» Required action
After locating the line that holds "Set of six dining", copy that line and all that follow it word for word through the end of the data, with no pictures.

(Data shown begins)

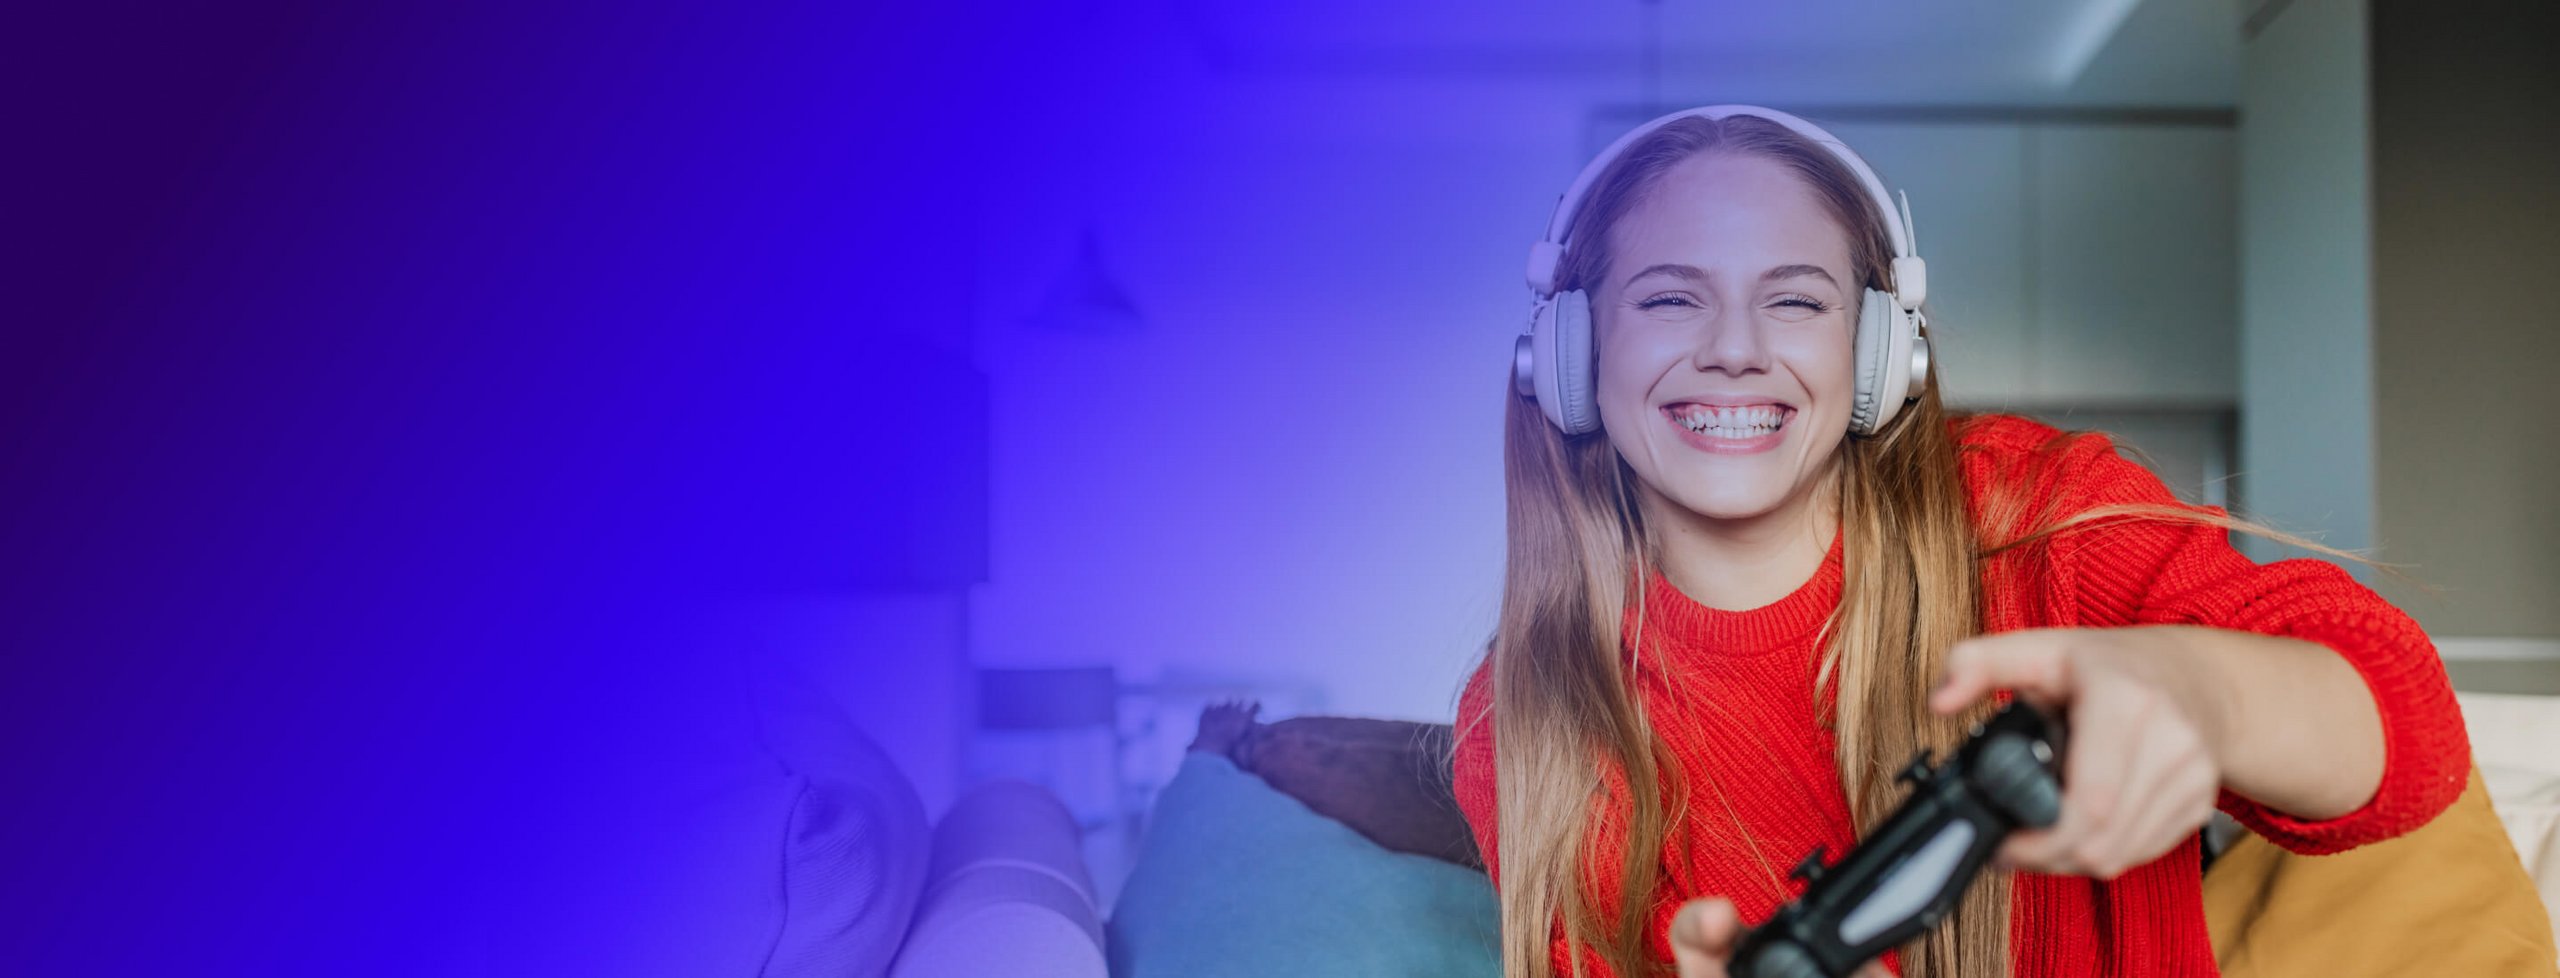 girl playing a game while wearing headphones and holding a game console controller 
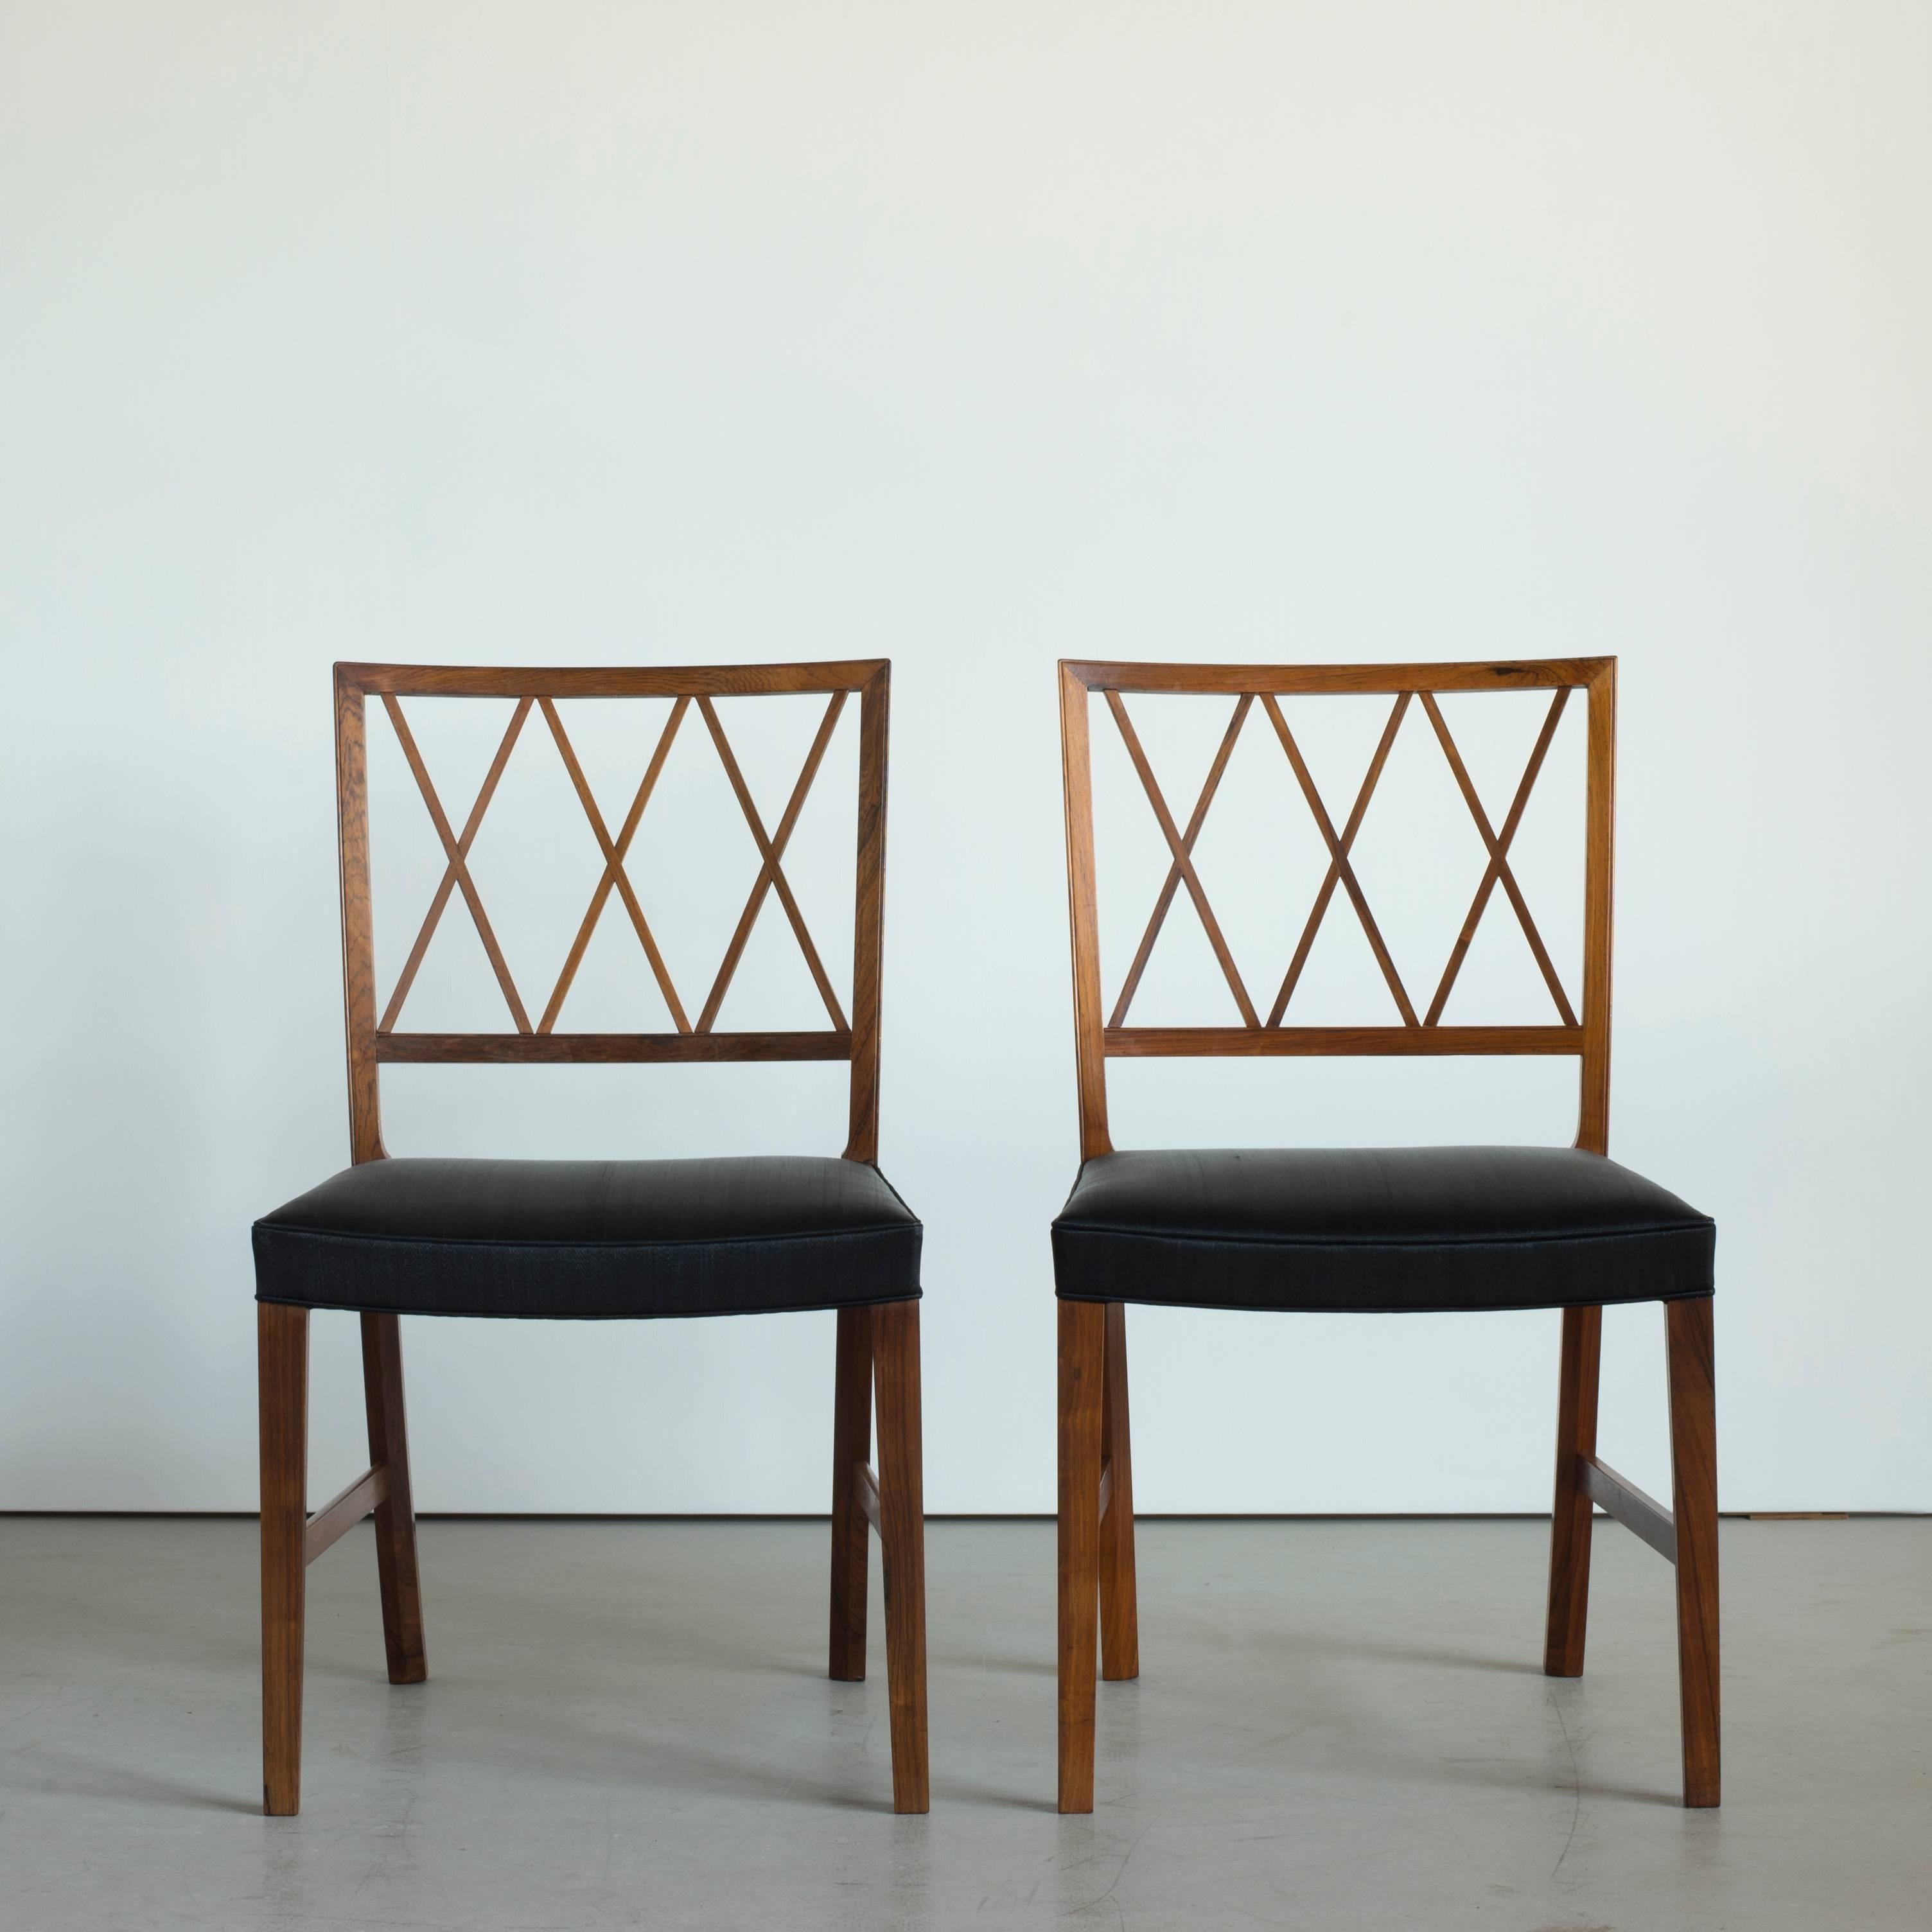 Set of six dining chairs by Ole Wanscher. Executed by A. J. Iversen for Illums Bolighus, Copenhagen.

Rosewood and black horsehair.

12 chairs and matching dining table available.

(Data shown ends)

» Task result
 Set of six dining chairs by Ole Wanscher. Executed by A. J. Iversen for Illums Bolighus, Copenhagen.

Rosewood and black horsehair.

12 chairs and matching dining table available.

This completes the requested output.